Available data |
*-*-*
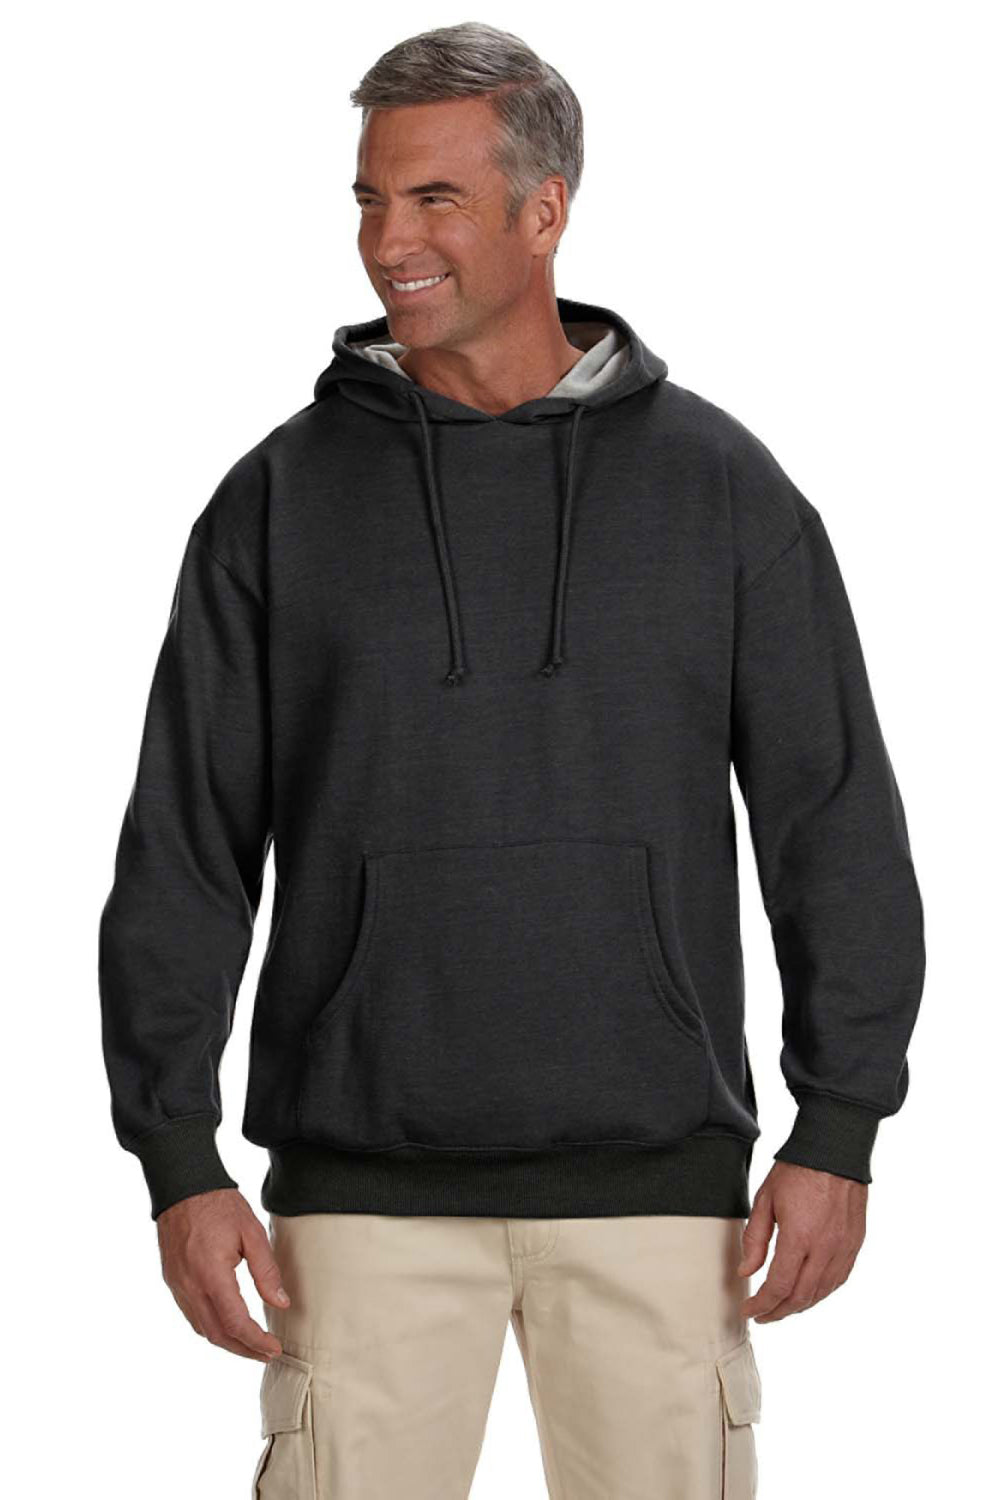 Econscious EC5570 Mens Heathered Fleece Hooded Sweatshirt Hoodie Charcoal Grey Front
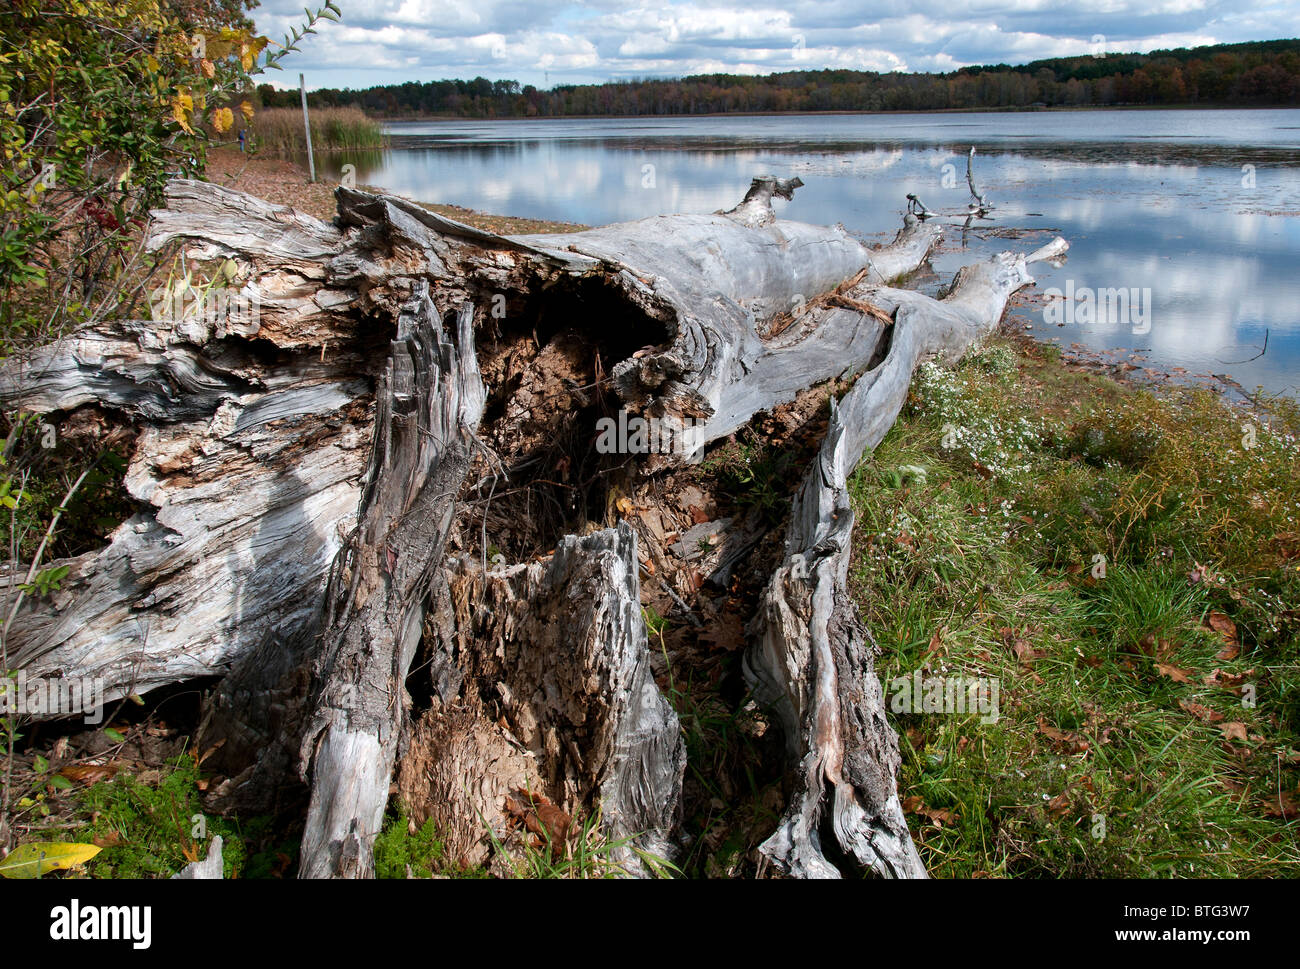 Fallen tree overlooking pond. Stock Photo
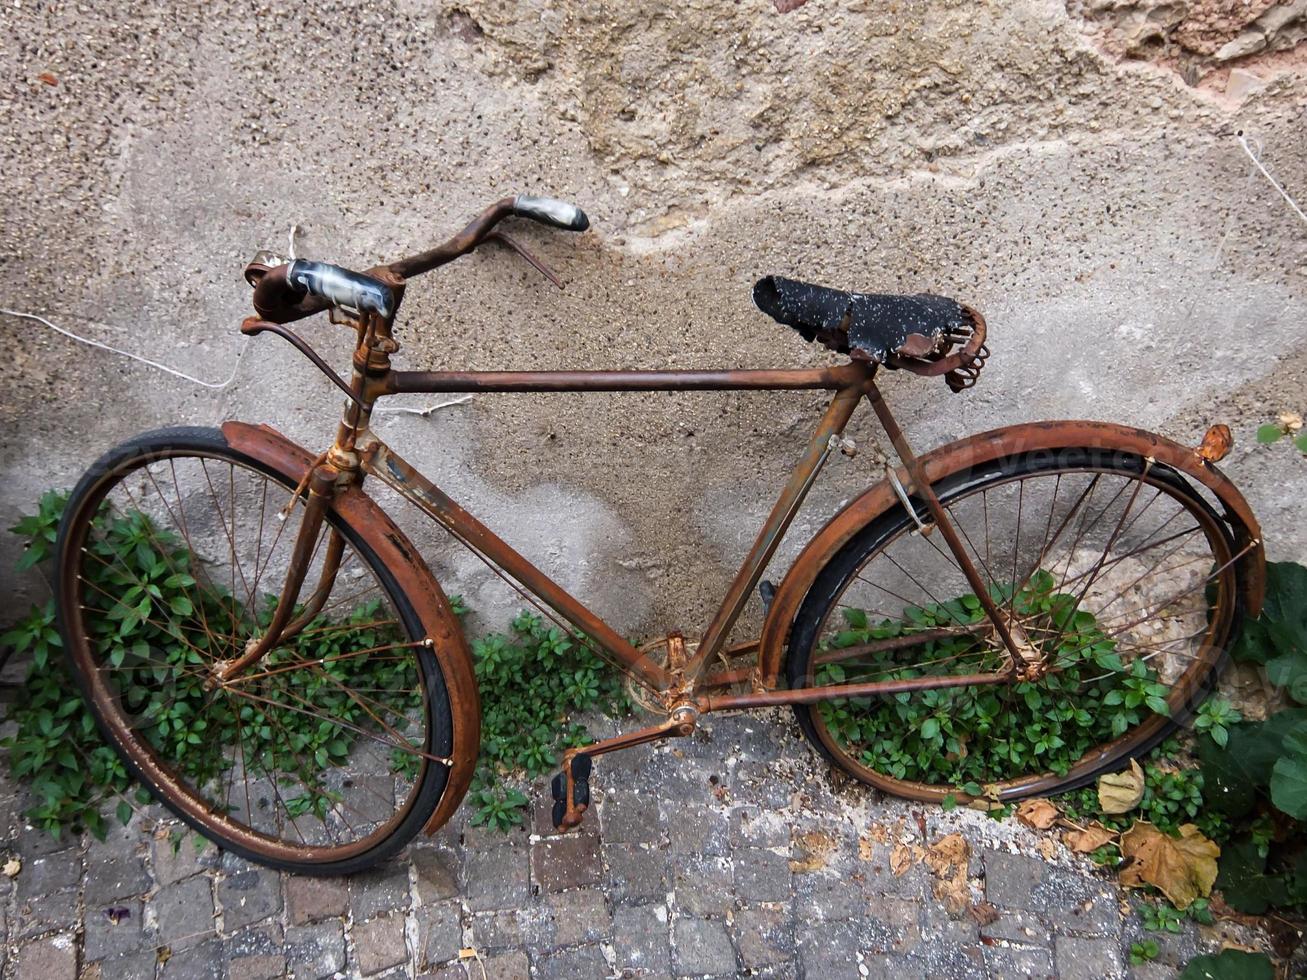 rostig alt Fahrrad durch das Mauer foto
*-*-*
To do | With every picture left out, print exactly the lines from the one containing "Fallen tree overlooking pond. Stock Photo" through the final line of the material above.

Finished task |
 Fallen tree overlooking pond. Stock Photo
 rostig alt Fahrrad durch das Mauer foto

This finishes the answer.